Catalogd has to transmit the entire table metadata even when few
partitions change. This is a waste of resources and can lead to OOM in
transmitting large tables due to the 2GB JVM array limit.

This patch makes HdfsPartition extend CatalogObject so the catalogd can
send partitions as individual catalog objects. Consequently, table
objects in the catalog topic update can have minimal partition maps that
only contain the partition ids, which reduces the thrift object size for
large tables. The catalog object key of HdfsPartition consists of db
name, table name and partition name.

In "full" topic mode (catalog_topic_mode=full), catalogd only sends
changed partitions with their latest table states. The latest table
states are table objects with the minimal partition map. Legacy
coordinators use the partition list to pick up existing (unchanged)
partitions from the existing table object and new partitions in the
catalog update.

Currently, partition instances are immutable - all partition
modifications are implemented by deleting the old instance and adding a
new one with a new partition id. Since partition ids are generated by a
global counter. Newer partition instances will have larger partition
ids. So catalogd maintains a watermark for each table as the max sent
partition id. Partition instances with ids larger than this are new
partitions that should be sent in the next catalog update. For the
deleted partition instances, they are kept in a set for each table until
the next catalog update. If there are no updates on the same partition
name, catalogd will send deletion on the partition.

For dropped or invalidated tables, catalogd will still send deletions on
their partitions.

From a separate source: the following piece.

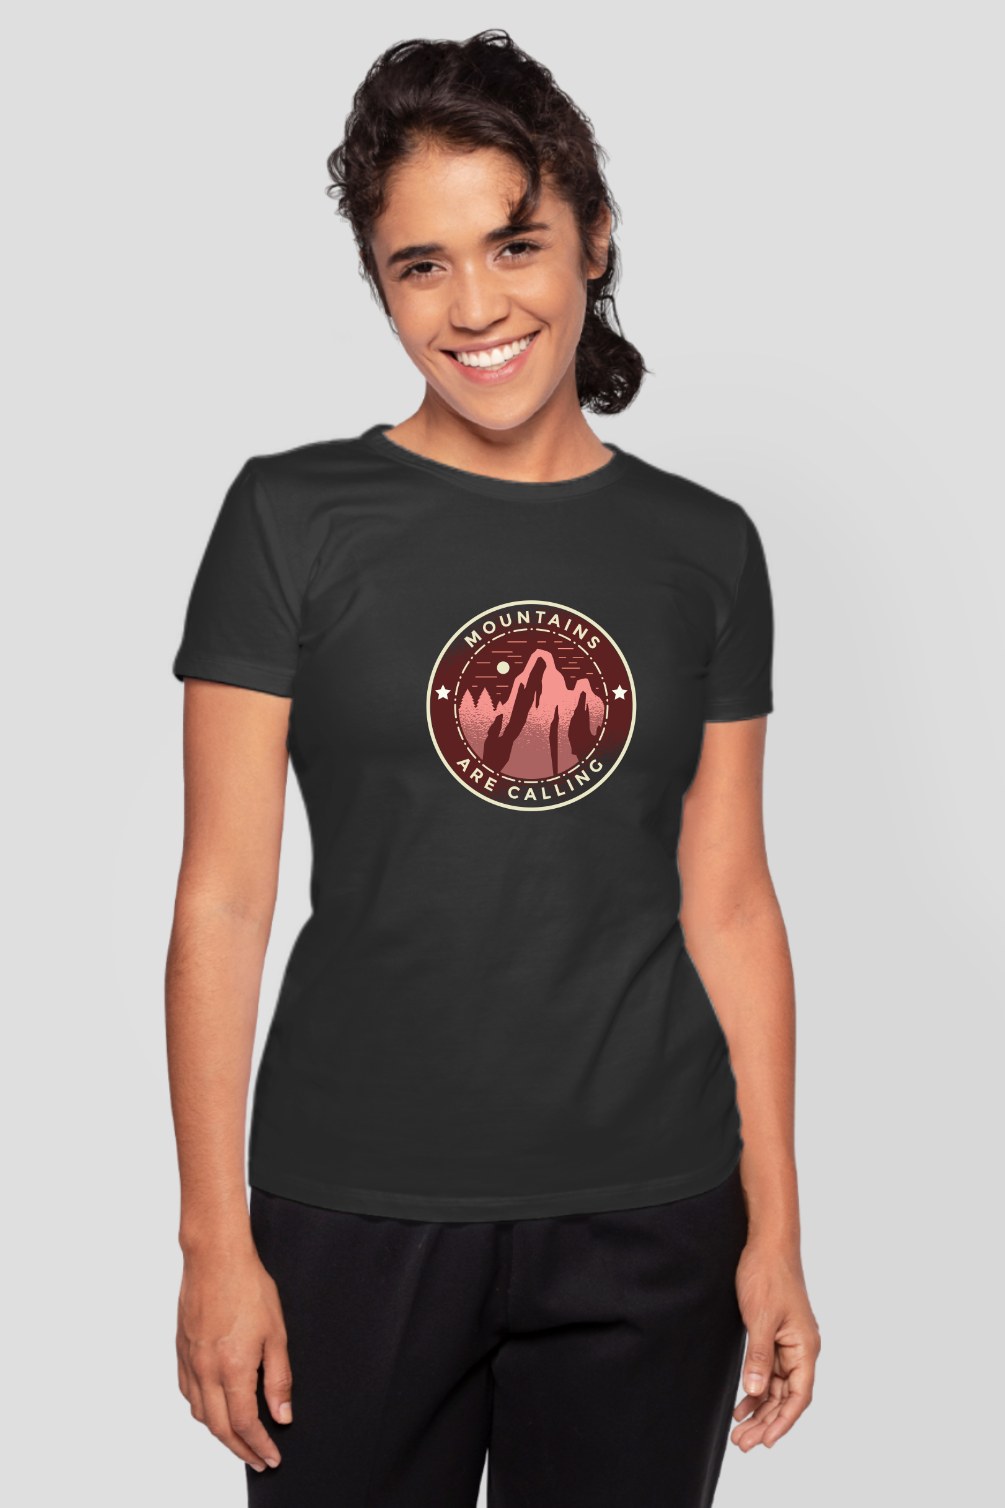 Mountains Are Calling Printed T-Shirt For Women - WowWaves - 7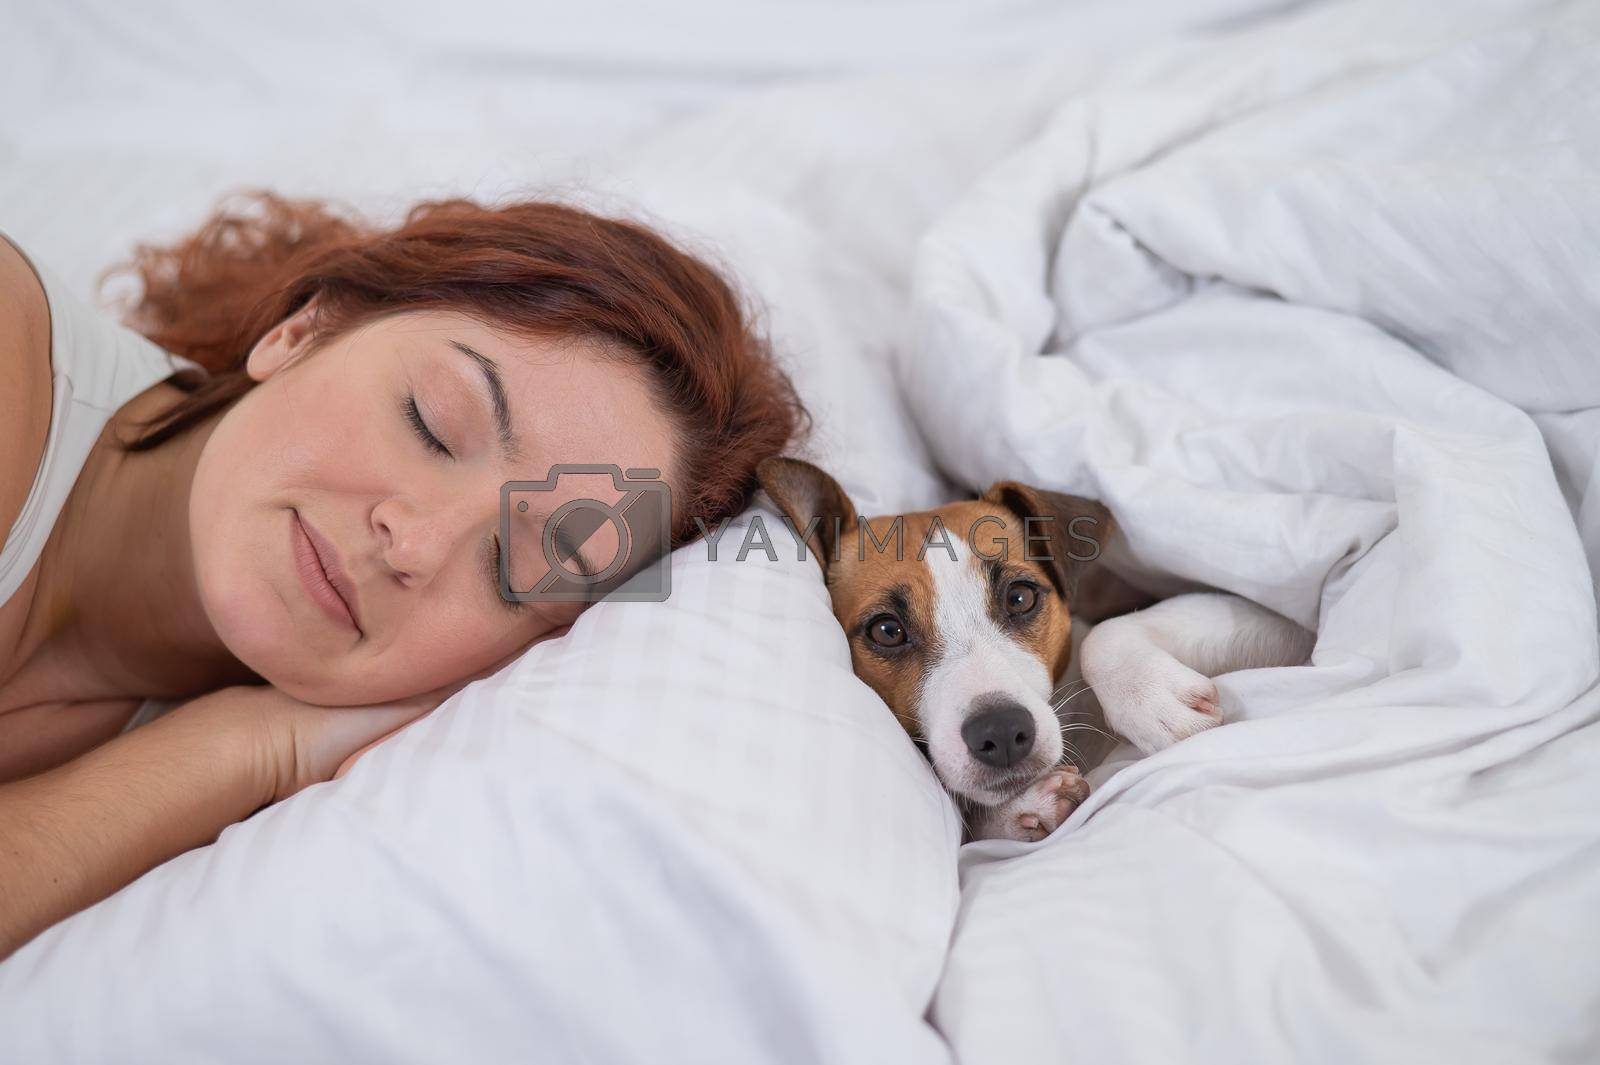 Royalty free image of Jack Russell Terrier dog lies with the owner in bed. by mrwed54

Although they are not used in coordinators
(coordinators delete the partitions when they delete the table
instances), they help in avoiding topic entry leak in the statestore
catalog topic.

In "minimal" topic mode (catalog_topic_mode=minimal), catalogd only
sends invalidations on tables and stale partition instances. Each
partition instance is identified by its partition id. LocalCatalog
coordinators use the partition invalidations to evict stale partitions
in time. For instance, let's say partition(year=2010) is updated in
catalogd. This is done by deleting the old partition instance
partition(id=0, year=2010) and adding a new partition instance
partition(id=1, year=2010). Catalogd will send invalidations on the
table and partition instance with id=0, but not the one with id=1. A
LocalCatalog coordinator will invalidate the partition instance(id=0) if
it's in the cache. If the partition instance(id=1) is cached, it's
already the latest version since partition instances are immutable. So
we don't need to invalidate it.

Tests
 - Run exhaustive tests.
 - Run exhaustive test_ddl.py in LocalCatalog mode.
 - Add test in test_local_catalog.py to verify stale partitions are
   invalidated in LocalCatalog when partitions are updated.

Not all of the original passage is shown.